A leading argument for Crocs is also their emphasis on individuality. According to Hill, “It’s partly about this idea that maybe this younger generation, Gen Z, doesn’t feel the need to express transformation through fancy shoes, but through something that is accessible, recognizable, and at the same time, customizable.” From choosing Jibbitz that represent their identities to showing allegiance to particular celebrities, Crocs are a ready tool to display and distinguish oneself. “They’re not so much status shoes, but they’re certainly about self-expression and irony. I think in a way, that is the new means of transformation, showcasing that you’re confident and you want to wear this thing that’s not the most aesthetically perfect but has its own set of attributes like comfort and customization,” said Hill.
“Crocs with socks is definitely the move,” Justin Bieber said in a press statement on behalf of his 2021 collaboration with Crocs. “They’re comfortable, they’re fashionable, and most importantly it’s fun to bring your own style to how you wear them.” Under the banner of ugly fashion, any so-called style sins are absolvable, even trendy, making Crocs a liberating channel of self-expression. Celebrities like Bieber spearhead and validate the use of Crocs as a canvas of individuality.
An important feature of Crocs’ customizability is its gender neutrality. As society moves toward a more fluid and spectral perspective on gender, non-gendered footwear is increasingly embraced by consumers. Democratic in form, color, and customizability, Crocs are a compelling platform for self-expression in all dimensions. “If we continue to use the footwear we choose to assert our ideas of ourselves, Crocs just allows for a greater vocabulary in the statements we’re trying to make,” said Semmelhack.
Probing the reason behind the popularity of Crocs also calls for a broader understanding of the social meaning of shoes. “People seem to believe that shoes can actually change their lives.

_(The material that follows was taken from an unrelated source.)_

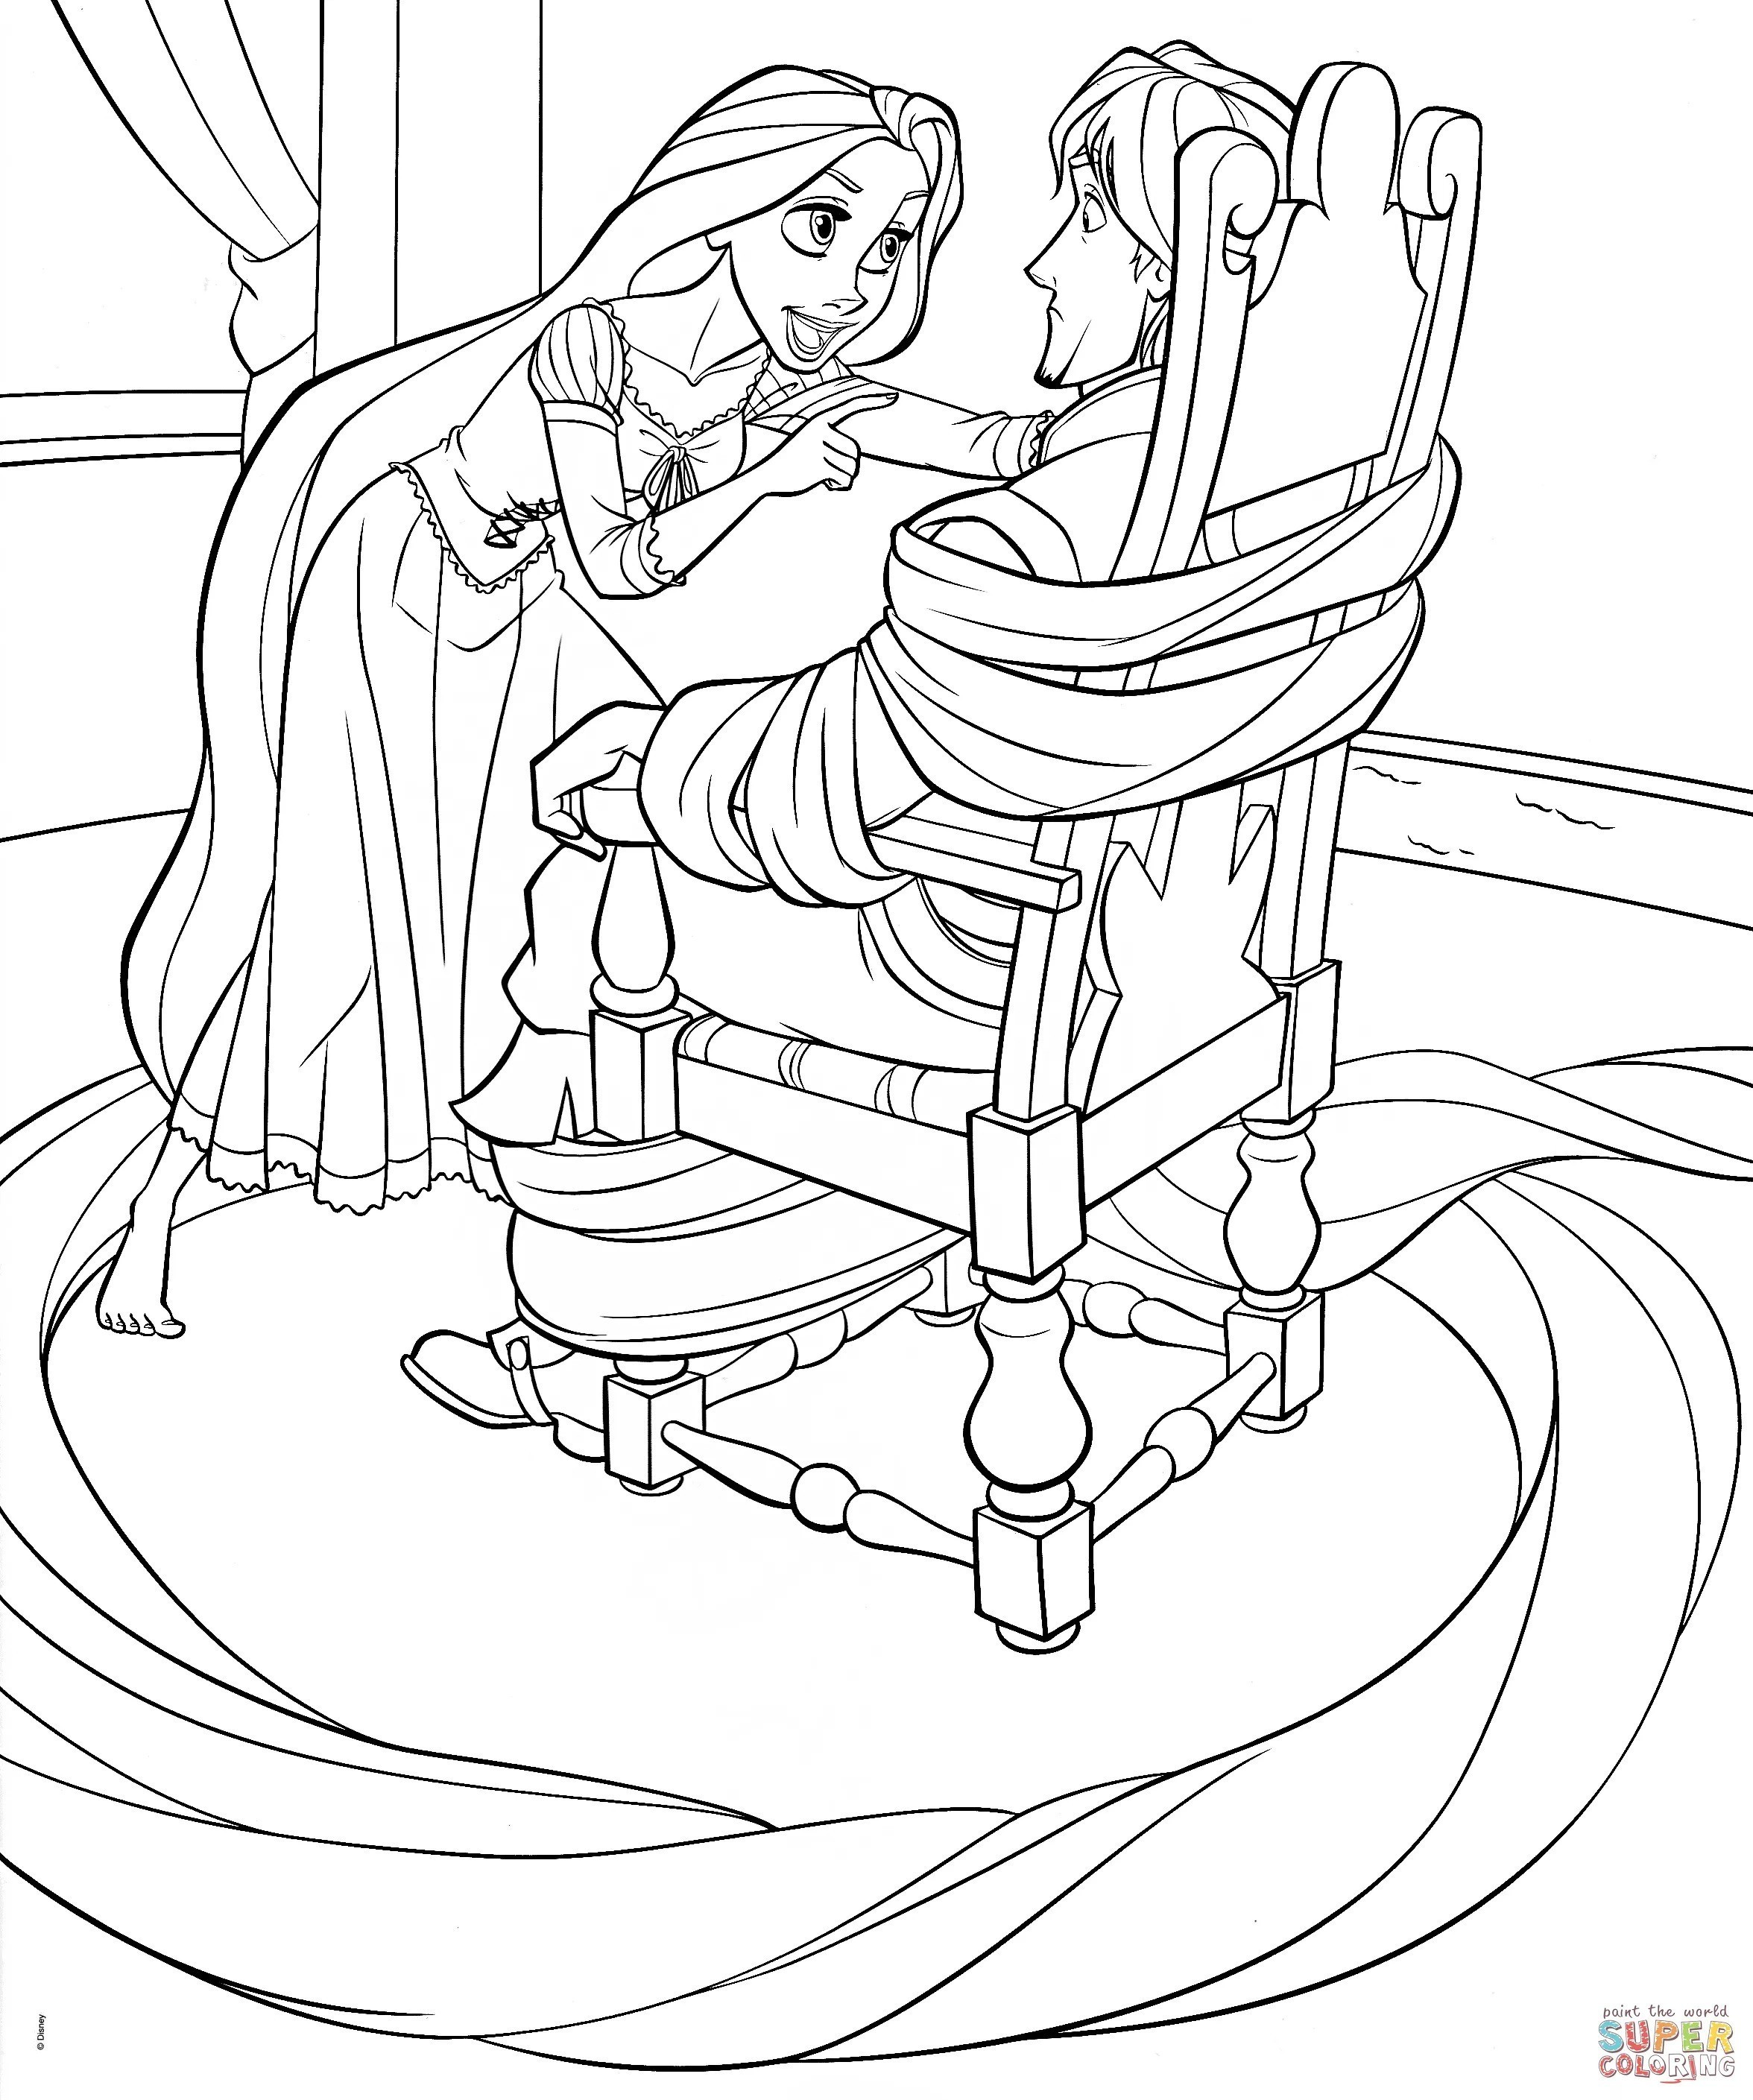 Disney Princess Coloring Pages Rapunzel and Flynn Wallpaper

It’s like all these fairytale stories: ‘Cinderella,’ ‘Puss in Boots,’ or ‘Seven-league boots,’” said Steele. “Of all kinds of clothing and dress that people can wear, shoes are especially heavily endowed both as signs of identity and as kind of magical emblems.”
Shoes often serve as an incarnation of an individual’s aspirations, and Crocs could be an appealing vessel for this reason. “I think that Crocs are very strongly associated with children and play quality,” added Steele. “Maybe it’s that people feel that life will be more fun if they wear crocs. That would be a good magical thing to wish your shoes — to give you a more fun, playful life.”
Upon examining the changing ideas about fashion, individuality, and social contexts, maybe the ascension of Crocs isn’t so unusual after all. Crocs clogs aren’t just ugly — they are innovative, individualistic, and democratic. Certainly, they are more than a one-hit-wonder and here to stay for good.